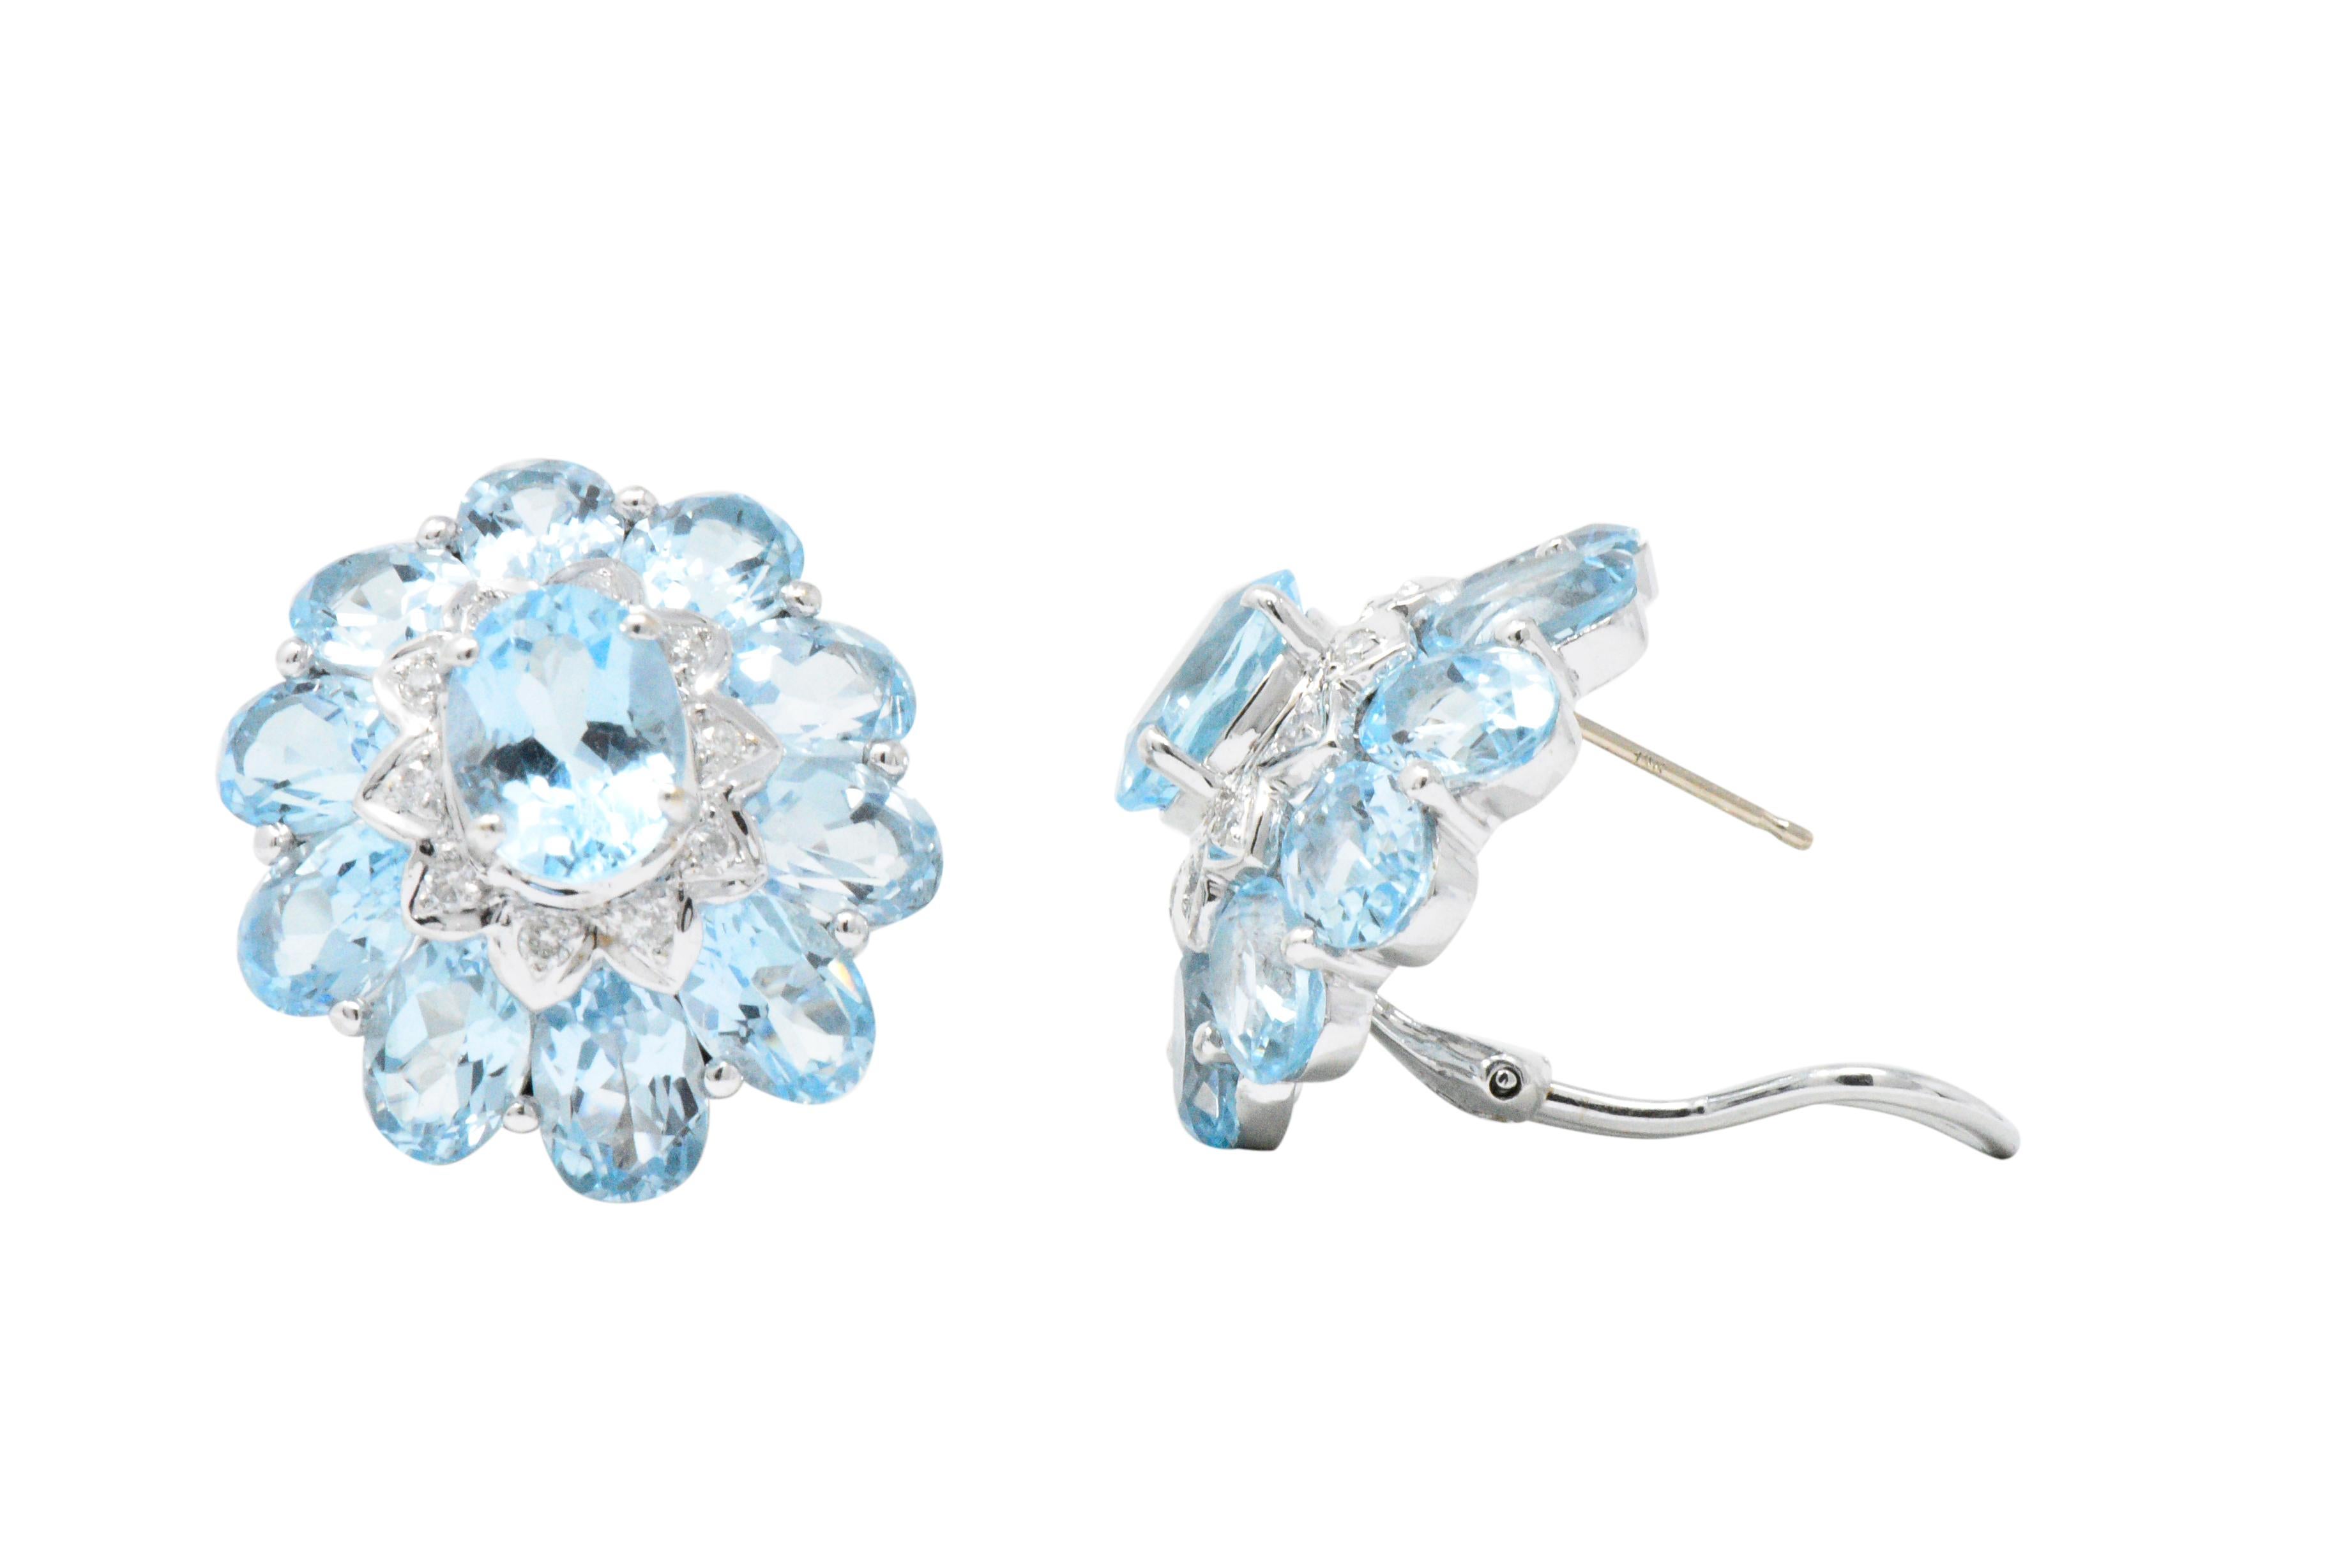 Cluster motif centering an oval cut blue topaz with an outer oval cut blue topaz surround, approximately 26.50 carats total for both earrings, bight light blue, very well matched

Between the outer and center blue topaz is a round brilliant cut
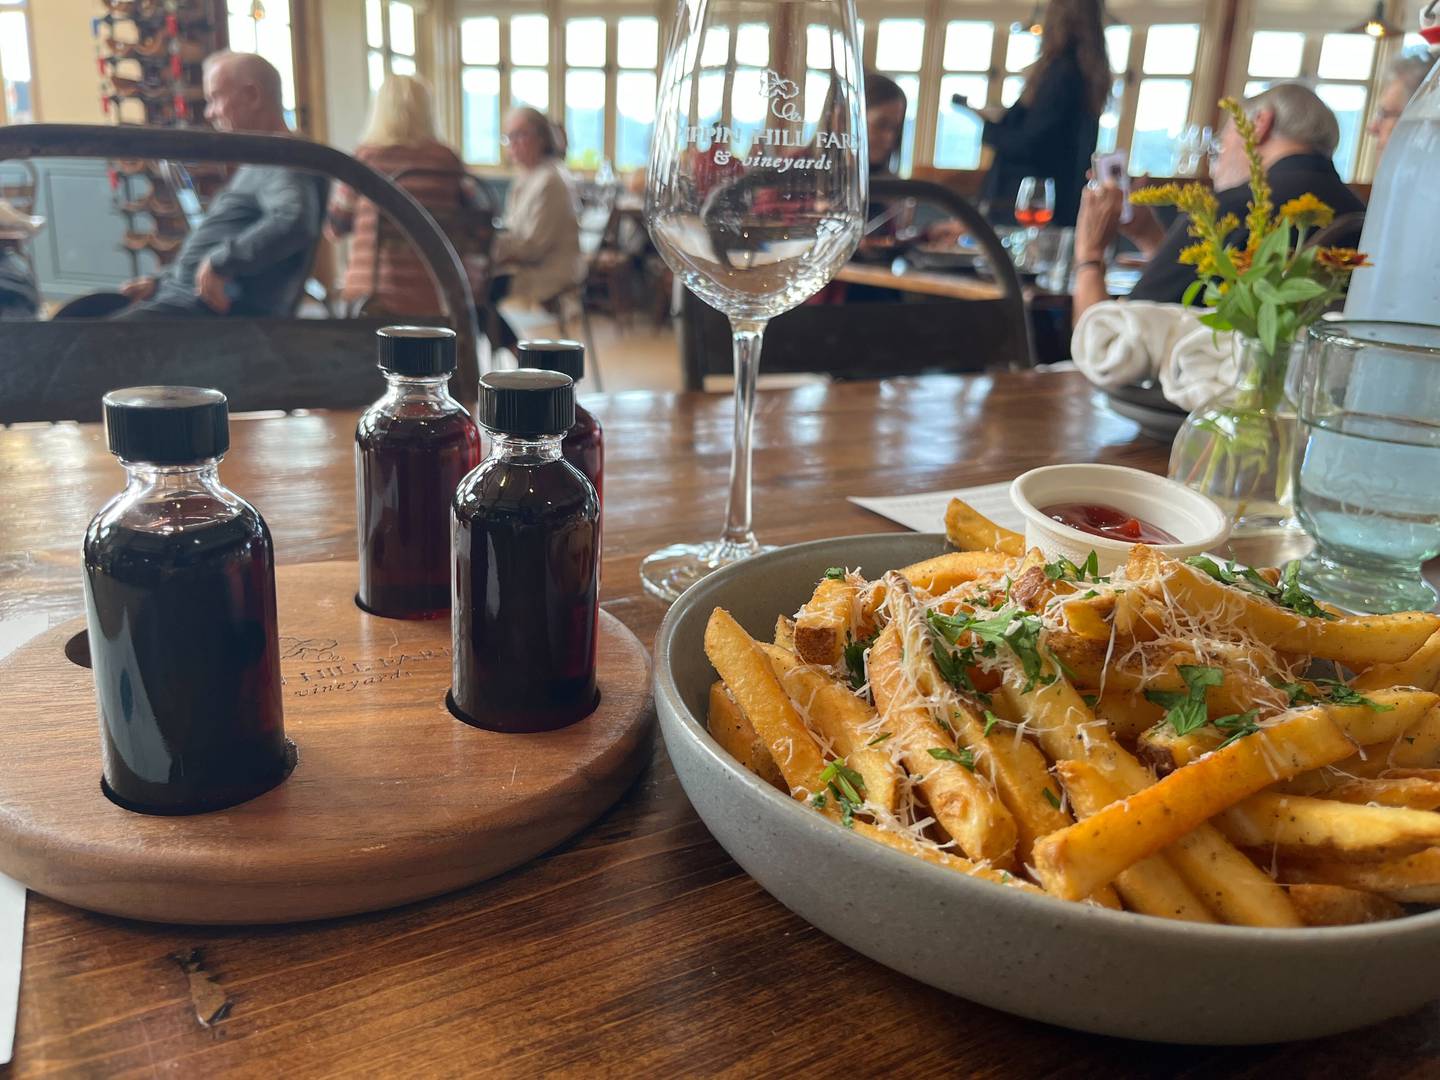 A red wine tasting flight and parmesan fries with herbs are just a few of the items on the menu at Pippin Hill Farm and Vineyards.
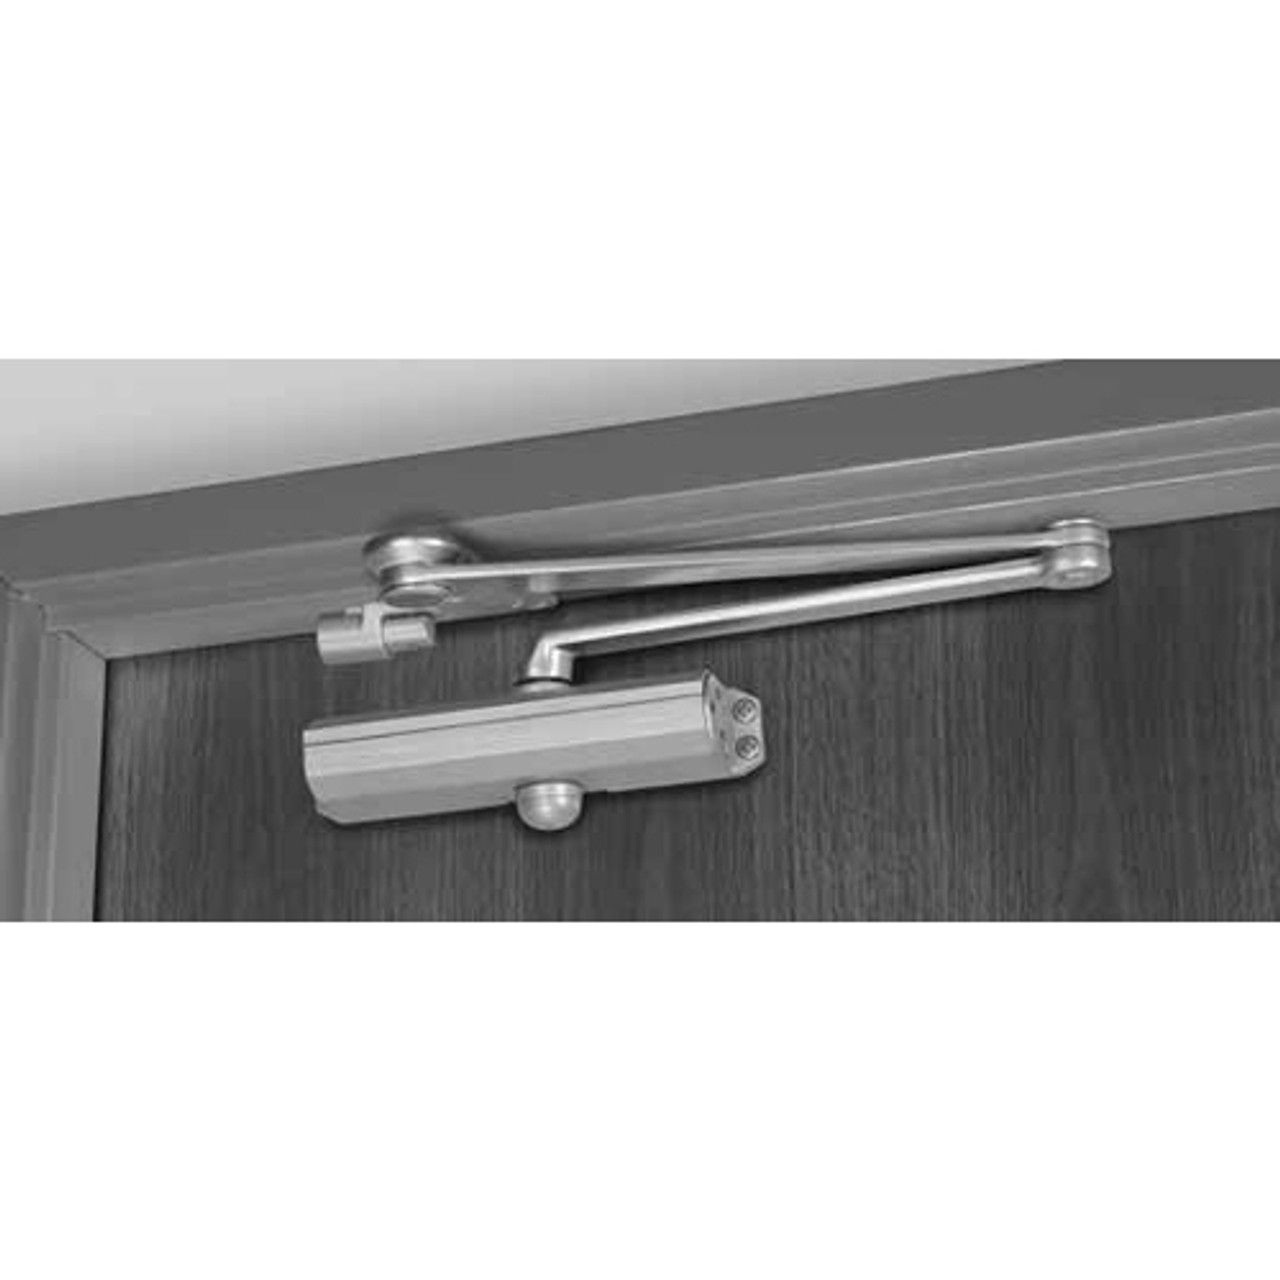 CPS1601T-693 Norton 1600 Series Hold Open Adjustable Door Closer with CloserPlus Spring Arm in Black
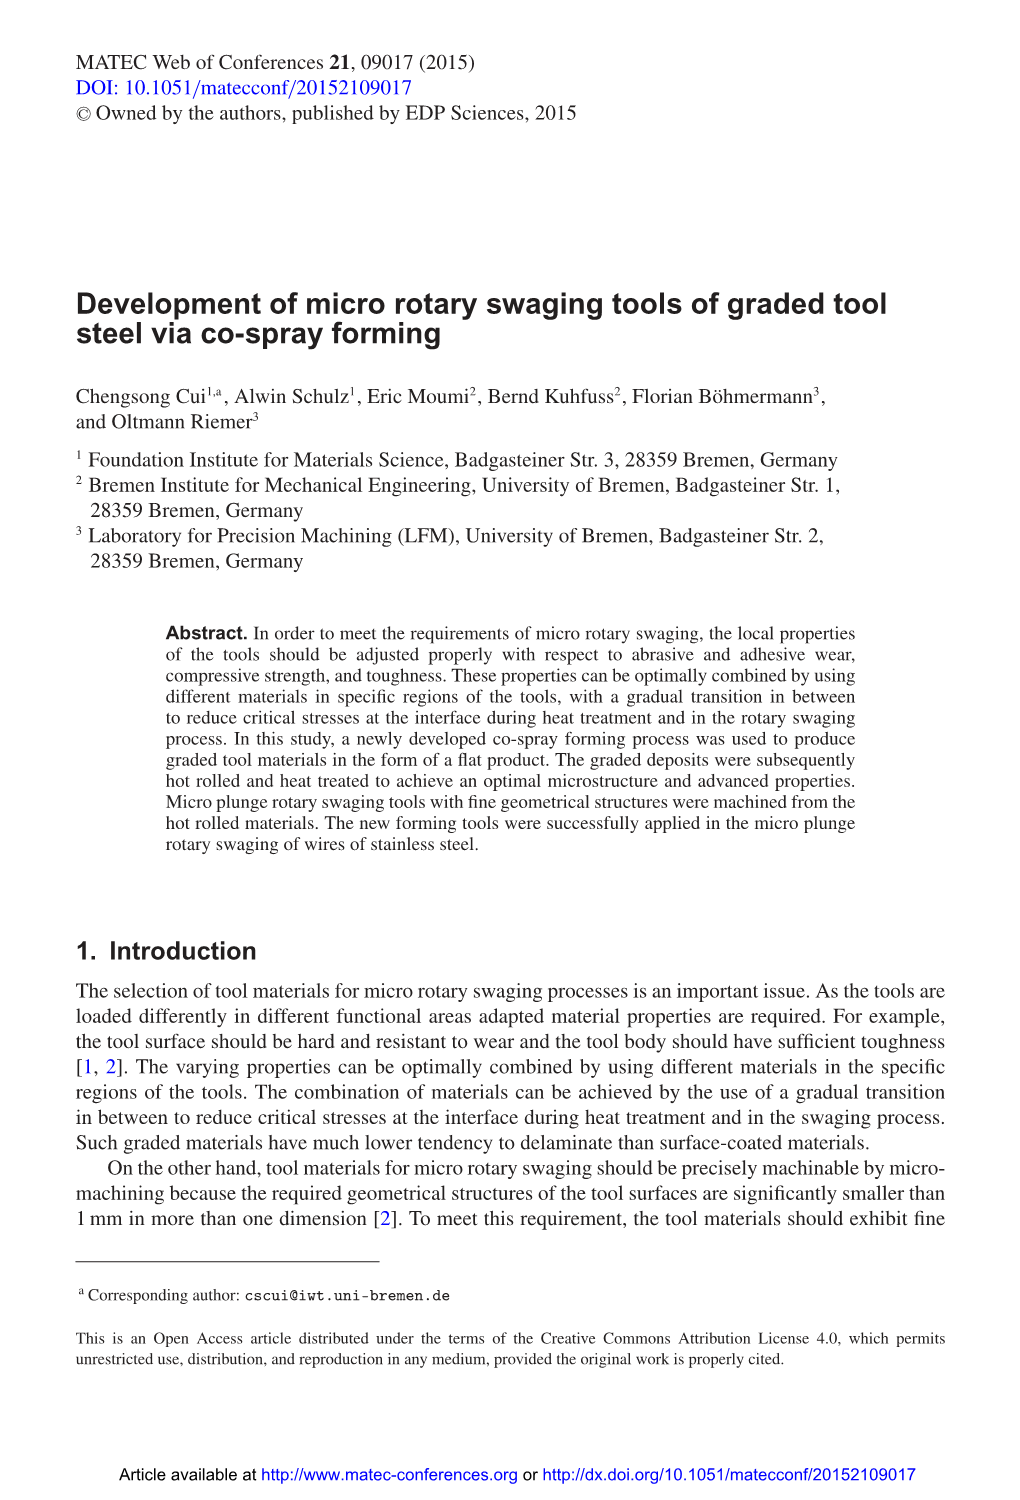 Development of Micro Rotary Swaging Tools of Graded Tool Steel Via Co-Spray Forming
★ ★ ★ ★ ★
§ **Your assignment**
Return the listing unchanged except for the pictures, which should be dropped.

§ **Expected answer**
 Cluster motif centering an oval cut blue topaz with an outer oval cut blue topaz surround, approximately 26.50 carats total for both earrings, bight light blue, very well matched

Between the outer and center blue topaz is a round brilliant cut
 A red wine tasting flight and parmesan fries with herbs are just a few of the items on the menu at Pippin Hill Farm and Vineyards.
 CPS1601T-693 Norton 1600 Series Hold Open Adjustable Door Closer with CloserPlus Spring Arm in Black
 Development of Micro Rotary Swaging Tools of Graded Tool Steel Via Co-Spray Forming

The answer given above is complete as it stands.